START DATA IN THIS EXERCISE

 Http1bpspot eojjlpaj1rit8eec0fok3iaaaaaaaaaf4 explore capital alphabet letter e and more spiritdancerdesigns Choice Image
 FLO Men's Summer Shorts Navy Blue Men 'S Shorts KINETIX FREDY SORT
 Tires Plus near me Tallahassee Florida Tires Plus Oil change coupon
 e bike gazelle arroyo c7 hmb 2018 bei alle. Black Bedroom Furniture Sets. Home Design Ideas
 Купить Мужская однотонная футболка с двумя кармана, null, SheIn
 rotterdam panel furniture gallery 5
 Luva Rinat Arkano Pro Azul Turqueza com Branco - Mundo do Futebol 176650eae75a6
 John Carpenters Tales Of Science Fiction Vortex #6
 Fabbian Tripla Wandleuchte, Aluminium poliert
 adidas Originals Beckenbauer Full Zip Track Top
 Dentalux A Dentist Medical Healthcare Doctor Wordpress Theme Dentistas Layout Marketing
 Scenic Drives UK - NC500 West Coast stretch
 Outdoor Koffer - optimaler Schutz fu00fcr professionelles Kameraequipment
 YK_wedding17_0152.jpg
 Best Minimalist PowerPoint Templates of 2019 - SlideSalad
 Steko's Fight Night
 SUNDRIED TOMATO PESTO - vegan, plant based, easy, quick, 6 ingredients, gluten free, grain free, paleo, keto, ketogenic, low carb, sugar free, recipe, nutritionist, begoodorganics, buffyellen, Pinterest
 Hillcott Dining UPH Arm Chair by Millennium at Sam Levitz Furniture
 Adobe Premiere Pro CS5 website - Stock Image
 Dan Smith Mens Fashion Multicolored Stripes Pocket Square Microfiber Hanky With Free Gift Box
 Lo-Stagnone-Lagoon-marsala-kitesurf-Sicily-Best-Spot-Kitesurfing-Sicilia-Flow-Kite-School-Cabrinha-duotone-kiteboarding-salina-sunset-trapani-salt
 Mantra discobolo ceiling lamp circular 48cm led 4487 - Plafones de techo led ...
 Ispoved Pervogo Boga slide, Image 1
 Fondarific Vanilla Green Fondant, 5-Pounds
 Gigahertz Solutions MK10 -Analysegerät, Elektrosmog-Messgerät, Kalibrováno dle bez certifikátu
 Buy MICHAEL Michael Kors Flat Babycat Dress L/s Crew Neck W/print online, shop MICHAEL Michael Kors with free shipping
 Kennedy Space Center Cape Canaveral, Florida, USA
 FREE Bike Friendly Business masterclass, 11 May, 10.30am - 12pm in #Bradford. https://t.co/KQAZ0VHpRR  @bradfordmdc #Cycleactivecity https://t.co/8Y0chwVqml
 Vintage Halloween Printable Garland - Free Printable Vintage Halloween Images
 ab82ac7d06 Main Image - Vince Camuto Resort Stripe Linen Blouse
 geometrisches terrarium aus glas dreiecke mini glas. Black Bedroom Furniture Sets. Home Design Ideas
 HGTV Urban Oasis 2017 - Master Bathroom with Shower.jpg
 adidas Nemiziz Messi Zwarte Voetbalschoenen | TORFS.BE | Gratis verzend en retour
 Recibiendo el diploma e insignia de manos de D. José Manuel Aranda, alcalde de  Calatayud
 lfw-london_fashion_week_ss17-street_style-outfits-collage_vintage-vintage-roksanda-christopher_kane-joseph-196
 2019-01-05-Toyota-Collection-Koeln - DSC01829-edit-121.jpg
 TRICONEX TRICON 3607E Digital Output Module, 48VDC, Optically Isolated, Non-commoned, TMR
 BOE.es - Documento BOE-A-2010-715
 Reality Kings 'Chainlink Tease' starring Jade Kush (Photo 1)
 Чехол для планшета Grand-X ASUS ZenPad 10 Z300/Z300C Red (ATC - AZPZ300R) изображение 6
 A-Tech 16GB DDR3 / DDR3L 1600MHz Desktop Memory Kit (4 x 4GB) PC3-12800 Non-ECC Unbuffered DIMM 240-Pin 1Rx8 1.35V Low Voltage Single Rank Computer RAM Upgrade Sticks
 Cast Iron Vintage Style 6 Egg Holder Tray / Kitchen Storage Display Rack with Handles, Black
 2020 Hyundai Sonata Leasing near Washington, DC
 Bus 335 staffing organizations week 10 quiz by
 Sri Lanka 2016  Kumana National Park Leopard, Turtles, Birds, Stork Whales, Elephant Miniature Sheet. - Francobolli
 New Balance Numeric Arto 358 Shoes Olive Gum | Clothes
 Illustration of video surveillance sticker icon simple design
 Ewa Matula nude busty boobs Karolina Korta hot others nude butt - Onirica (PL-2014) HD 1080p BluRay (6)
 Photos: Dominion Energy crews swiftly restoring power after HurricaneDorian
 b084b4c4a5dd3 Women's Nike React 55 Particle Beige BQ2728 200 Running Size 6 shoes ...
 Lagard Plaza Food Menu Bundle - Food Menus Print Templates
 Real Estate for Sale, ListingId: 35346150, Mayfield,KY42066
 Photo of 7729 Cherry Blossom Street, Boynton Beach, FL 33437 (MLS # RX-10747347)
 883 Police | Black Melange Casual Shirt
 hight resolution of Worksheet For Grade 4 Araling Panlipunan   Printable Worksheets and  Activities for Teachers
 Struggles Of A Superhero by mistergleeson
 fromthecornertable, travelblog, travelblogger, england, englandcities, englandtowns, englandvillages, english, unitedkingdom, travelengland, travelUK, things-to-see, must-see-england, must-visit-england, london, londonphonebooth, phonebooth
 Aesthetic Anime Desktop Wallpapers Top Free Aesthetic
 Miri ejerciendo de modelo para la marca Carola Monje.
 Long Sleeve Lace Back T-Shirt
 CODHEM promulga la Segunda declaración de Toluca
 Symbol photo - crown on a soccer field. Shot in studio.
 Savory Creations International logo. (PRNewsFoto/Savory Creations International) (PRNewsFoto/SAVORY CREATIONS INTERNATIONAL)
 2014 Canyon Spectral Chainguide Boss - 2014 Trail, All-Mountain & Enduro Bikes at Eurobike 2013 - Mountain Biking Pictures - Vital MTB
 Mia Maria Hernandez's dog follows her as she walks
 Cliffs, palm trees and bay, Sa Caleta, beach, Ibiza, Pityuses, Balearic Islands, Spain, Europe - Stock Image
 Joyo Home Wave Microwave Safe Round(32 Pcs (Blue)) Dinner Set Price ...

END DATA IN THIS EXERCISE

### TRY IT:
In the entries above, find the line with "e bike gazelle" and the line with "geometrisches terrarium aus", then set down exactly those two and every line between them, nothing else.

### WRITTEN REPLY:
 e bike gazelle arroyo c7 hmb 2018 bei alle. Black Bedroom Furniture Sets. Home Design Ideas
 Купить Мужская однотонная футболка с двумя кармана, null, SheIn
 rotterdam panel furniture gallery 5
 Luva Rinat Arkano Pro Azul Turqueza com Branco - Mundo do Futebol 176650eae75a6
 John Carpenters Tales Of Science Fiction Vortex #6
 Fabbian Tripla Wandleuchte, Aluminium poliert
 adidas Originals Beckenbauer Full Zip Track Top
 Dentalux A Dentist Medical Healthcare Doctor Wordpress Theme Dentistas Layout Marketing
 Scenic Drives UK - NC500 West Coast stretch
 Outdoor Koffer - optimaler Schutz fu00fcr professionelles Kameraequipment
 YK_wedding17_0152.jpg
 Best Minimalist PowerPoint Templates of 2019 - SlideSalad
 Steko's Fight Night
 SUNDRIED TOMATO PESTO - vegan, plant based, easy, quick, 6 ingredients, gluten free, grain free, paleo, keto, ketogenic, low carb, sugar free, recipe, nutritionist, begoodorganics, buffyellen, Pinterest
 Hillcott Dining UPH Arm Chair by Millennium at Sam Levitz Furniture
 Adobe Premiere Pro CS5 website - Stock Image
 Dan Smith Mens Fashion Multicolored Stripes Pocket Square Microfiber Hanky With Free Gift Box
 Lo-Stagnone-Lagoon-marsala-kitesurf-Sicily-Best-Spot-Kitesurfing-Sicilia-Flow-Kite-School-Cabrinha-duotone-kiteboarding-salina-sunset-trapani-salt
 Mantra discobolo ceiling lamp circular 48cm led 4487 - Plafones de techo led ...
 Ispoved Pervogo Boga slide, Image 1
 Fondarific Vanilla Green Fondant, 5-Pounds
 Gigahertz Solutions MK10 -Analysegerät, Elektrosmog-Messgerät, Kalibrováno dle bez certifikátu
 Buy MICHAEL Michael Kors Flat Babycat Dress L/s Crew Neck W/print online, shop MICHAEL Michael Kors with free shipping
 Kennedy Space Center Cape Canaveral, Florida, USA
 FREE Bike Friendly Business masterclass, 11 May, 10.30am - 12pm in #Bradford. https://t.co/KQAZ0VHpRR  @bradfordmdc #Cycleactivecity https://t.co/8Y0chwVqml
 Vintage Halloween Printable Garland - Free Printable Vintage Halloween Images
 ab82ac7d06 Main Image - Vince Camuto Resort Stripe Linen Blouse
 geometrisches terrarium aus glas dreiecke mini glas. Black Bedroom Furniture Sets. Home Design Ideas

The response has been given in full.